Note that the input power of a boost converter is equal to output power plus losses, therefore input current will be:

$$\ Iin = \frac{1}{Efficiency} Iout \frac{Vout}{Vin} \$$

With 90% efficiency, 4A 5V out, 3V in, this gives an input current of 7A. This is way above what a standard 18650 LiIon battery can provide so you will need a high current capable battery, as used in e-cigarettes for example.

If you used two lithium cells instead of one, you could use a buck converter, whose input current follows the same equation... but in this case Vin>Vout which means Iin will be much lower.

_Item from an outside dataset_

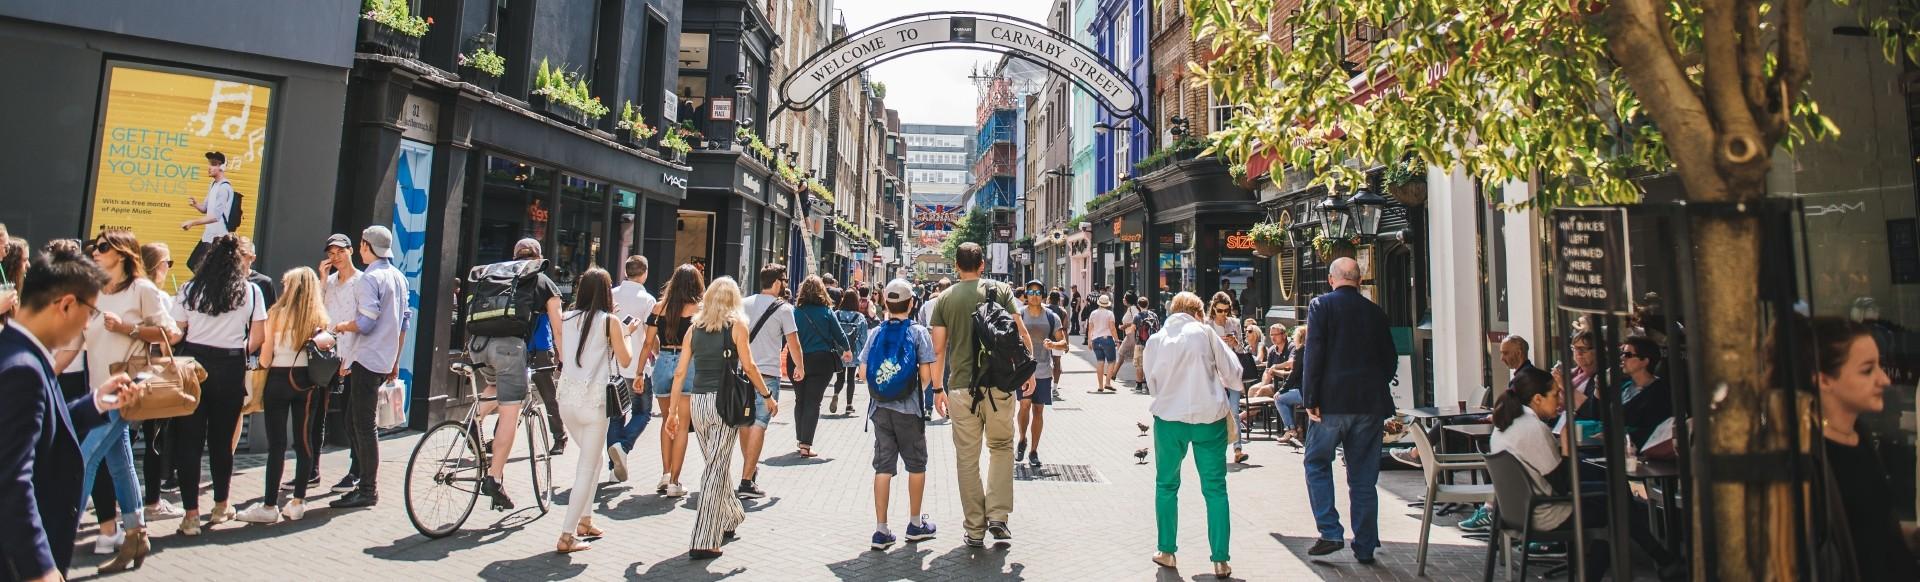 People walking past shops on London's Carnaby Street.

With 90% efficiency, 4A 5V out, 6V in, this gives an input current of 3.7A, much easier on the batteries. It also has higher efficiency due to less RI^2 losses. So, only use a boost if you absolutely want to use one cell to make it small.

You could use a boost LED driver chip, or a buck LED driver chip if you use 2 cells, which will regulate current. This would be mots convenient. You can use a voltage output DC-DC converter too but then it's wasteful to put a resistor in series with the laser diode. You can make a voltage output buck converter regulate current by using a current sense amp and a shunt resistor in series with the laser diode, and an opamp to amplify the voltage on it to make the desired current correspond to the feedback voltage on the DC-DC converter, but this requires some attention to frequency compensation.